The Shining as a Seinfeld-style sitcom

"I know I'm not the first person to put a laugh track on The Shining," writes youtoobmember, "but I couldn't resist doing my own version of it." The result is funny for a minute or so, then increasingly unsettling: it seems to remove the safe pop-culture patina that The Shining has picked up over the years. The Shining - The Sitcom (Seinfeld Style) [YouTube]


    1. This one is much better because the music has been replaced as well (and the editing is fabulous).

      I cannot find the ‘Seinfeld’ one funny because I can hear the original creepy music in the background and no amount of laugh tracks can make up for it. The Shining creeped the beejesus out of me from the very first 10 seconds on account of the music alone.

      1. I agree, the editing and music choices are just superb. It’s absolutely indistinguishable from an actual “feel-good” movie’s trailer, while using undoctored clips from a horror movie. (My “favorite” was the kiss scene– gruesome if you remember the context, but completely innocuous if you haven’t seen it.)

    2. Aww, hrm, ehh, I kind of like both trailers, sure the Shinefeld one puts it on real thick, but what the eff?

      Darn, I wish I could go back to not knowing The Shining, watch one of those trailers and then rent/buy/watch the movie

      *mind ‘splodes*

  1. Somehow the laugh track makes it even more terrifying…like there’s a whole audience of psychotics watching Jack’s breakdown.
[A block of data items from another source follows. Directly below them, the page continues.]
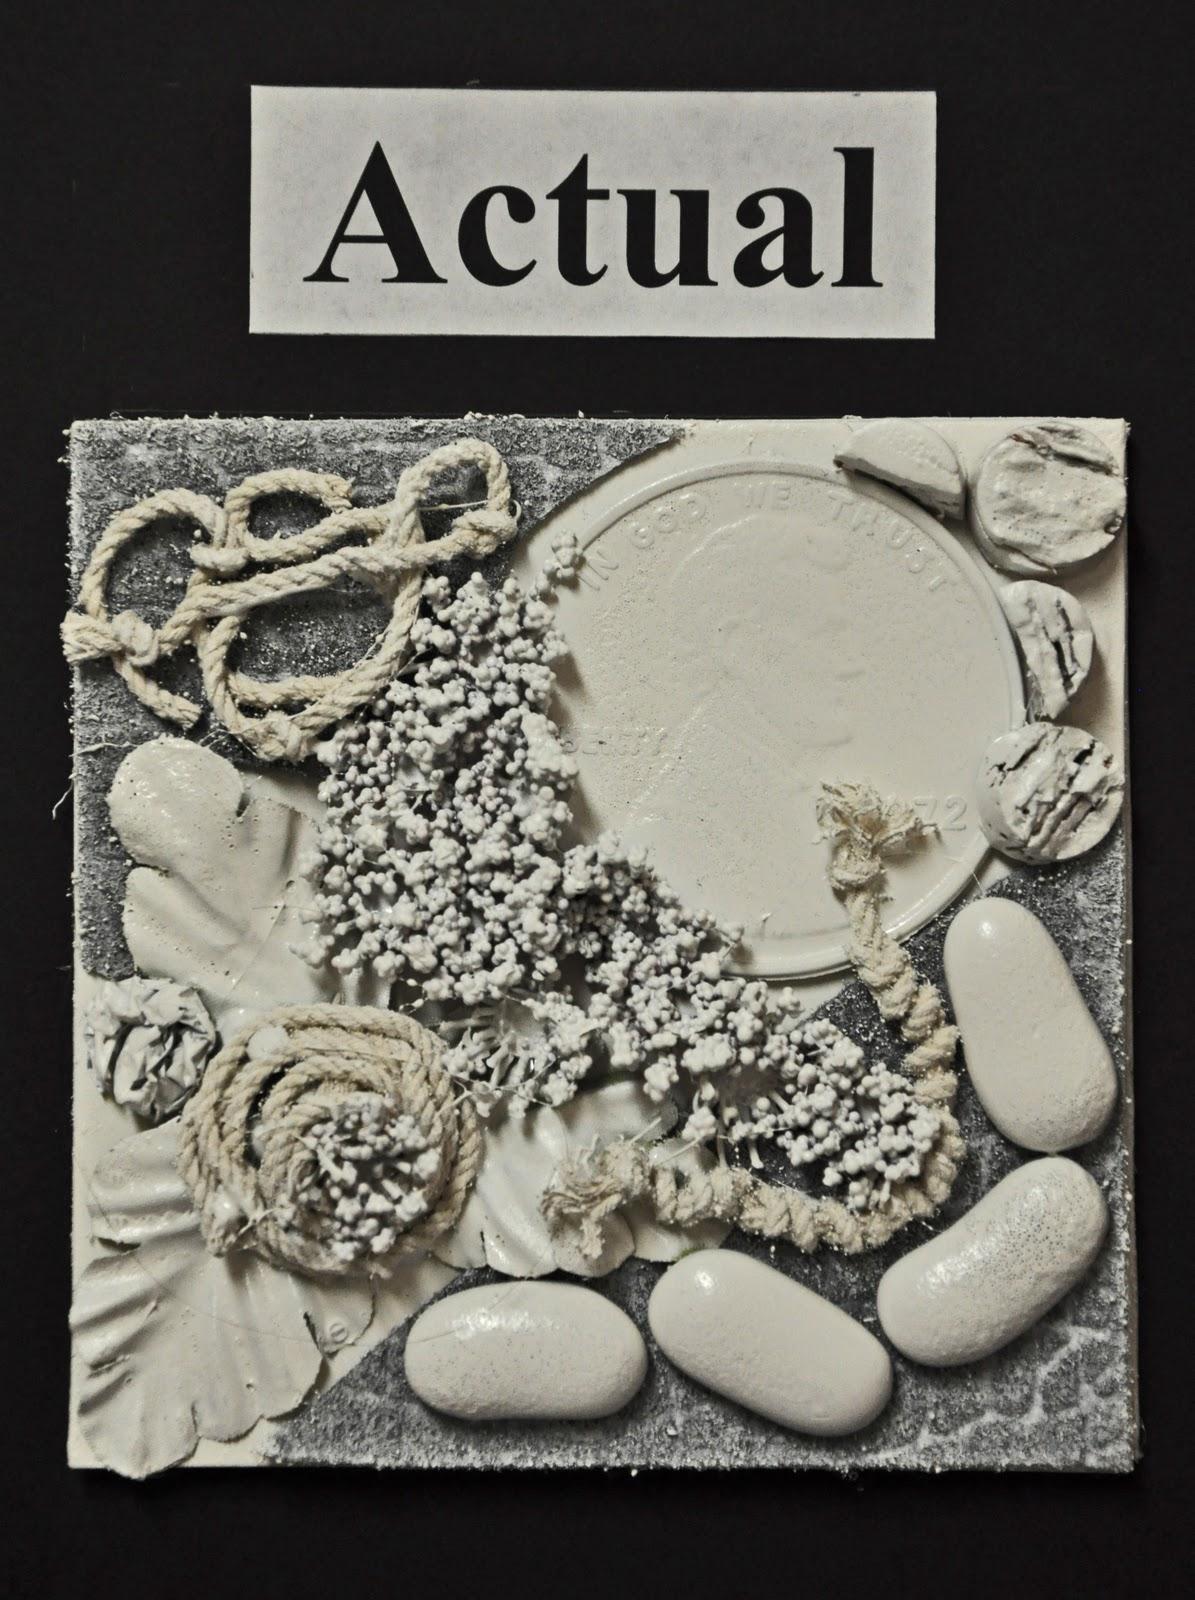 Ana Juan-Gomez: Design 2D: Texture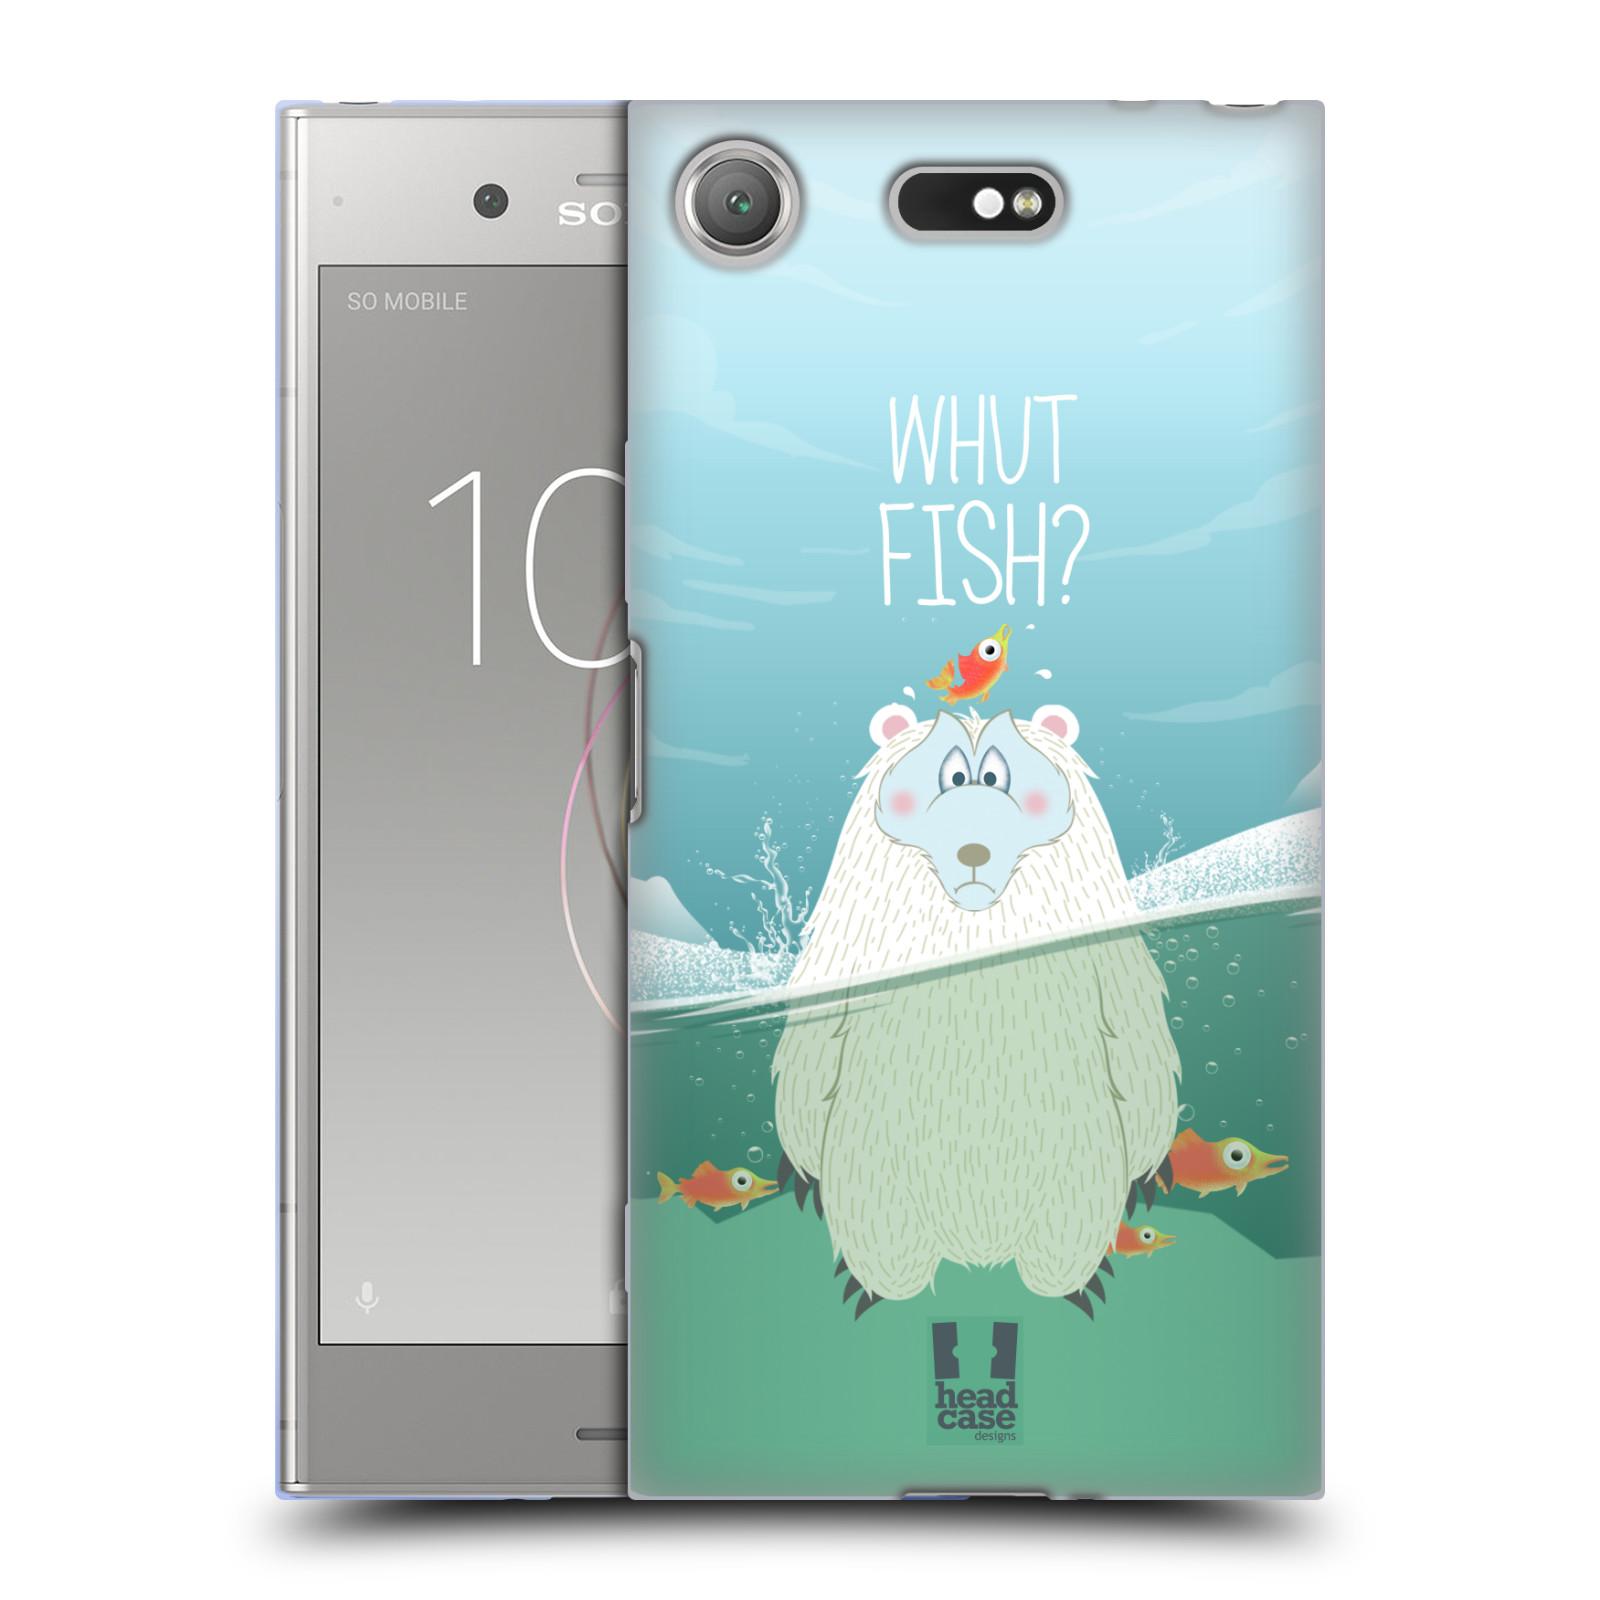 Silikonové pouzdro na mobil Sony Xperia XZ1 Compact - Head Case - Medvěd Whut Fish?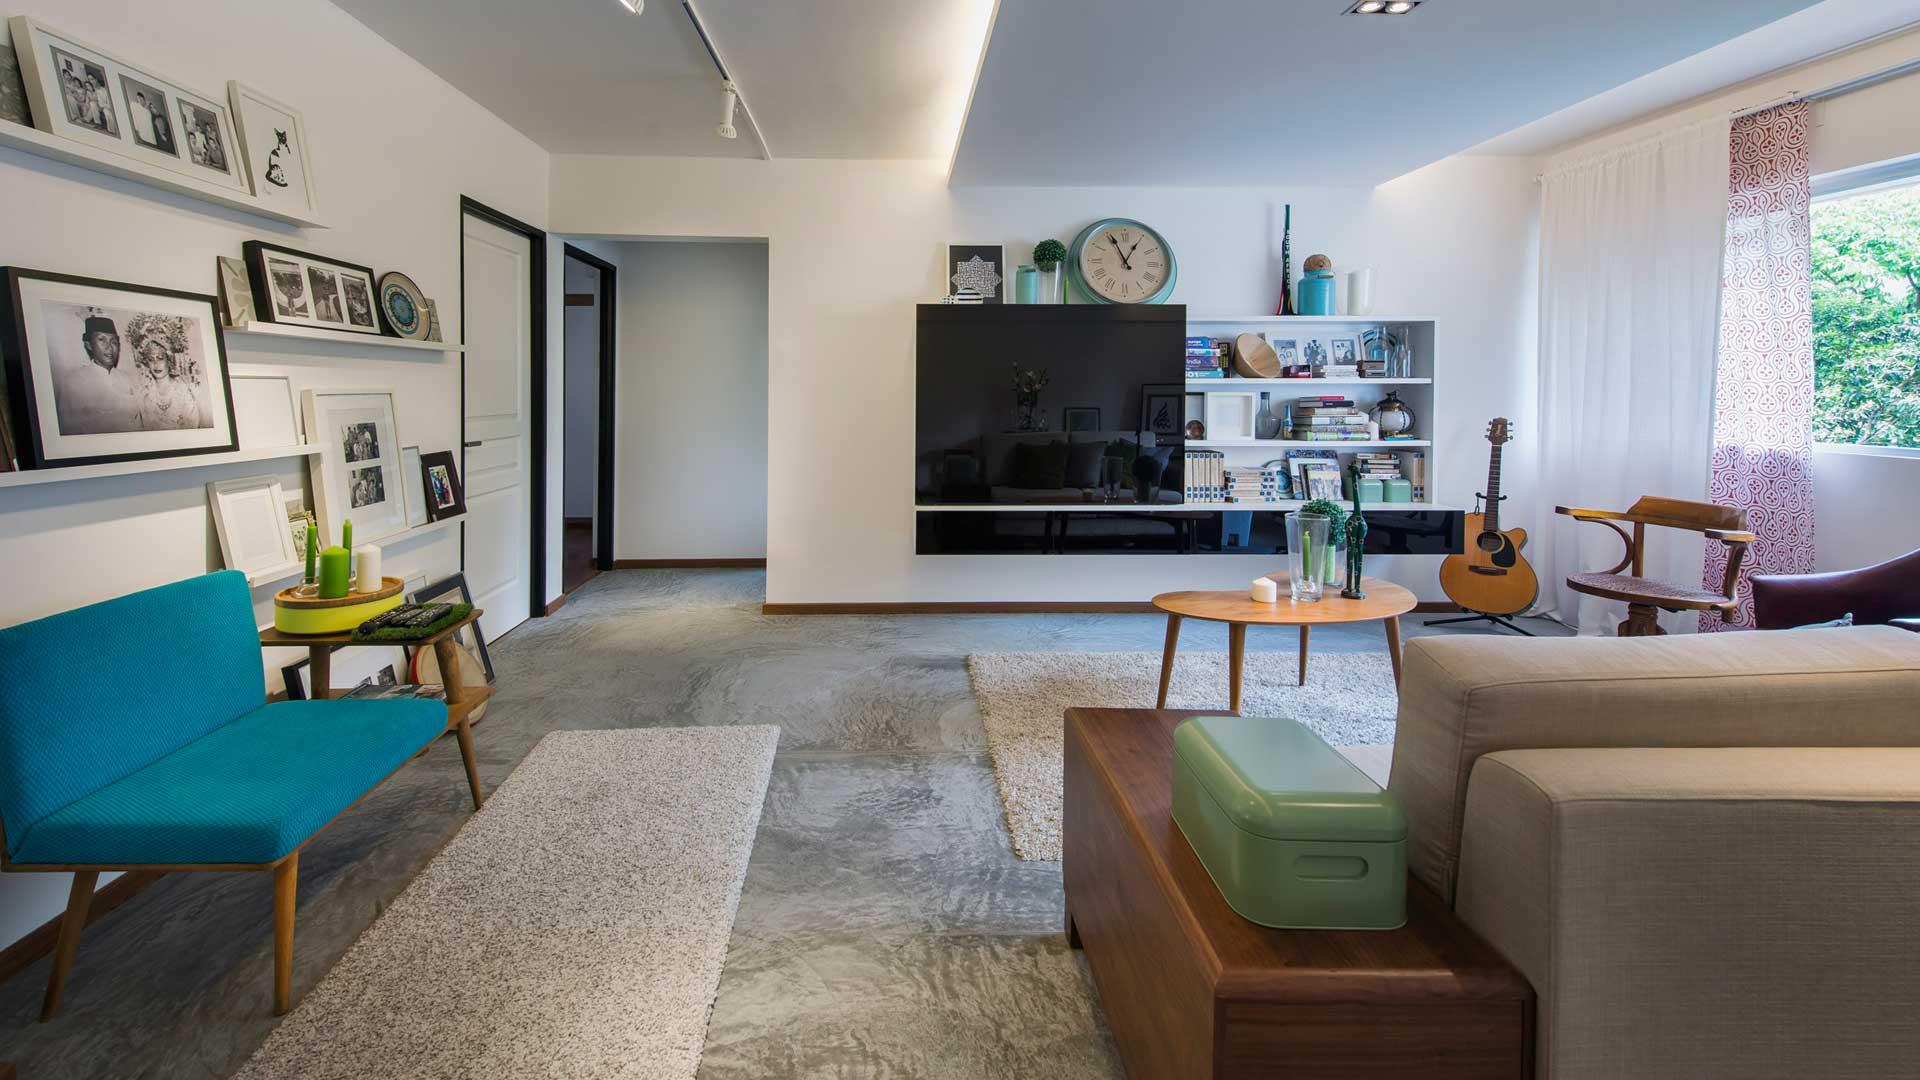 Award winning singapore interior design m3studio for Top 100 interior design firms in singapore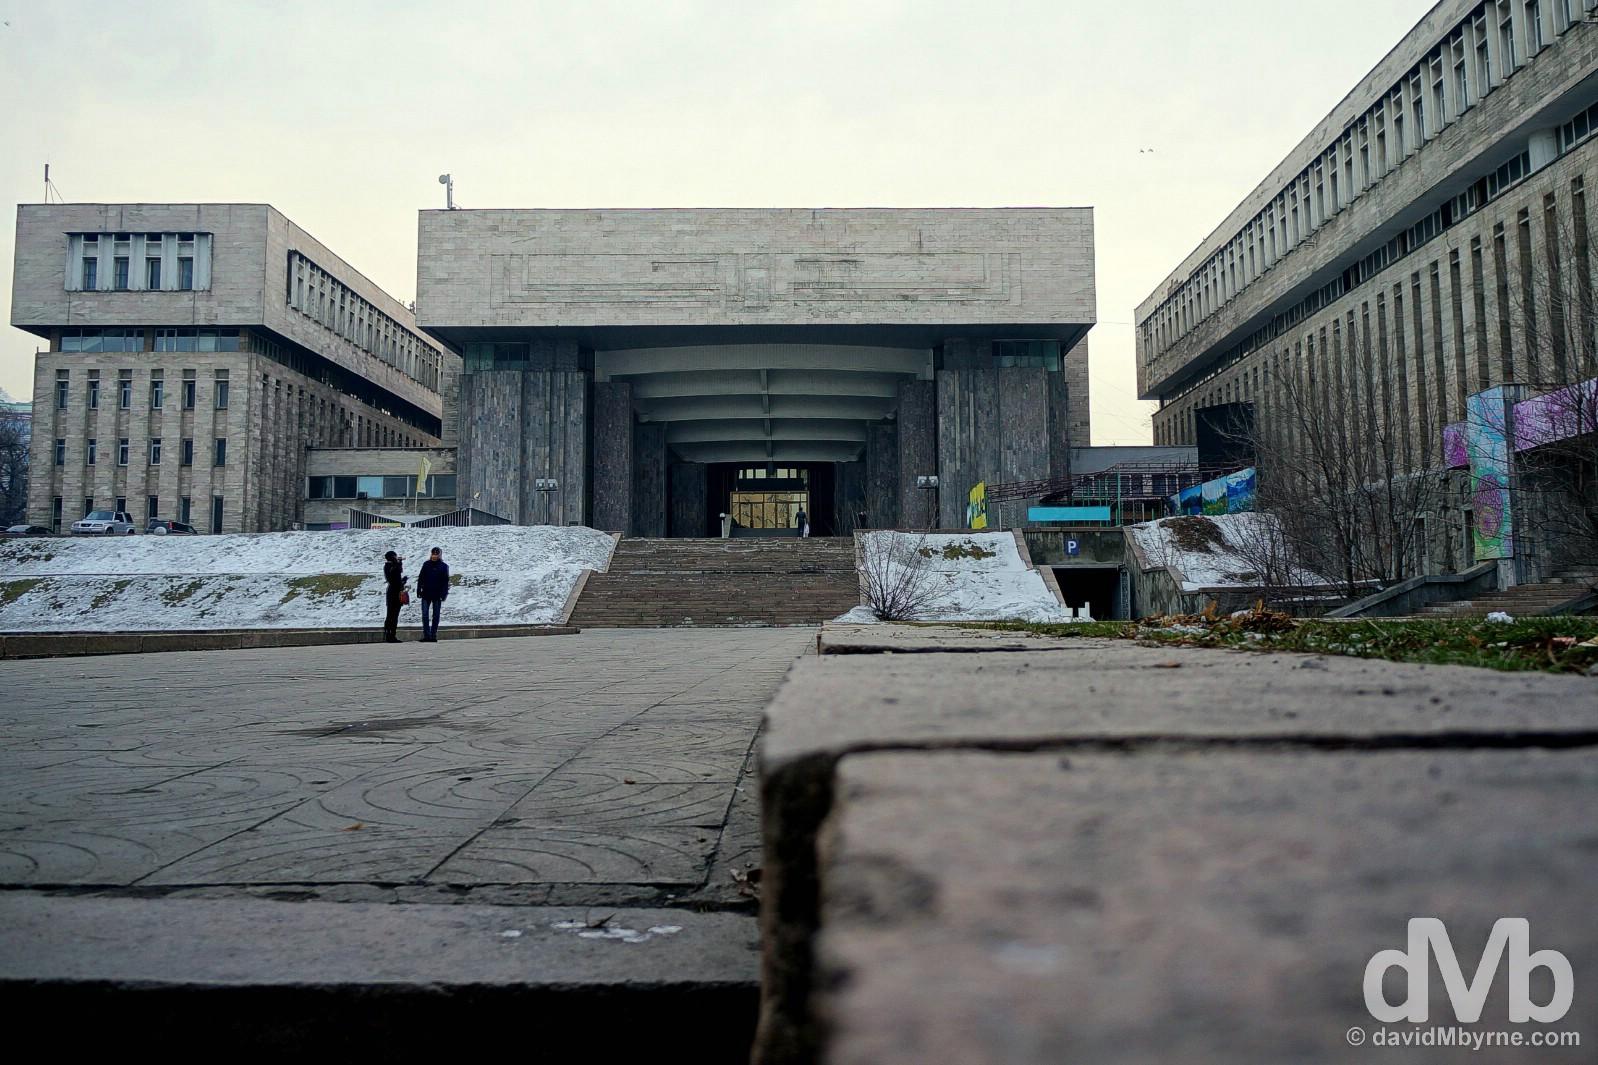 Soviet-era architecture on the streets of Almaty, Kazakhstan. February 14, 2015.

    Next week: Humbert Humbert shoots Clare Quilty. Hilarity ensues. 

    1. It reminds me of the “twisted sitcom” setting of the scene in Natural Born Killers, where horrifying inhumanity is set to a laugh track and ’50s musical cues. All the more terrifying for the veneer of humor that’s put over it, like a guillotine that has been upholstered with a floral print.

  2. This works well for me.  It reminds me of the last scene of the movie itself: Kubrick lets the 1920s music play until you hear the sounds of an audience getting up and leaving.  Like the ghosts orchestrated the whole show for a little entertainment.

    1. I was once part of the worst audience EVER. The local cinema was showing 2001: a space odyssey and we had planned on scoring some acid and watching it out of our box. However, the acid didn’t happen so we got very very drunk instead and then spent the whole time pretending to be on acid. Being really obnoxious and loud saying stuff like, ‘woah man, trippyyyyy’. Fellow audience members were shouting at us to stfu but we carried on regardless. Of all the crap I did in my youth this is the thing I am most ashamed of. Please Stanley forgive me.

    2. When I saw Shallow Grave, I was the only person in the theater laughing through the whole film. It seemed like a black comedy to me.

  3. I find the Shining really hard to watch because of the similarities between Jack Nicholson’s character’s psychotic breakdown, and the way that this plays out in a really terrifying domestic violence scenario (all haunted elevators, seductive ghosts, creepy twin apparitions, REDRUM precognition, Scatman Crothers aside).

    I find this Seinfeld-ized version even harder to watch. Her terror at being stalked by her murderous husband is good for laughs ?

    Yes, I understand that this is a work of fiction. Yes, I understand that this is an ironic take on some iconic moments in that film.

    No, I don’t understand why domestic violence is funny.

    Can someone explain this to me ?

      1. But who is doing this telling ?

        Is it a sheep-like response to the sound of other’s laughter ?

        Are laugh tracks an insidious form of social programming ?

        1. If you listen to a laugh track for half an hour, you may remember having enjoyed the show even if you didn’t. And that will make you more likely to buy Palmolive.

  4. I swear to god, the human brain fills in for reality if events get ahead of perception.

    I was scrolling down this page pretty fast, and for a second, as this item came into view, I swear I saw Brent Spiner instead of Jack Nicholson.

    And now I can’t stop thinking that Commander Data in The Shining is a goddamn awesome idea.

  5. Always thought the movie version of The Shining was weak, and Nicholson’s acting choices sabotaged the production. Over-the-top is far less frightening than a controlled just-below-the-surface menace. The mini-series was a far better interpretation of the novel than the feature film was.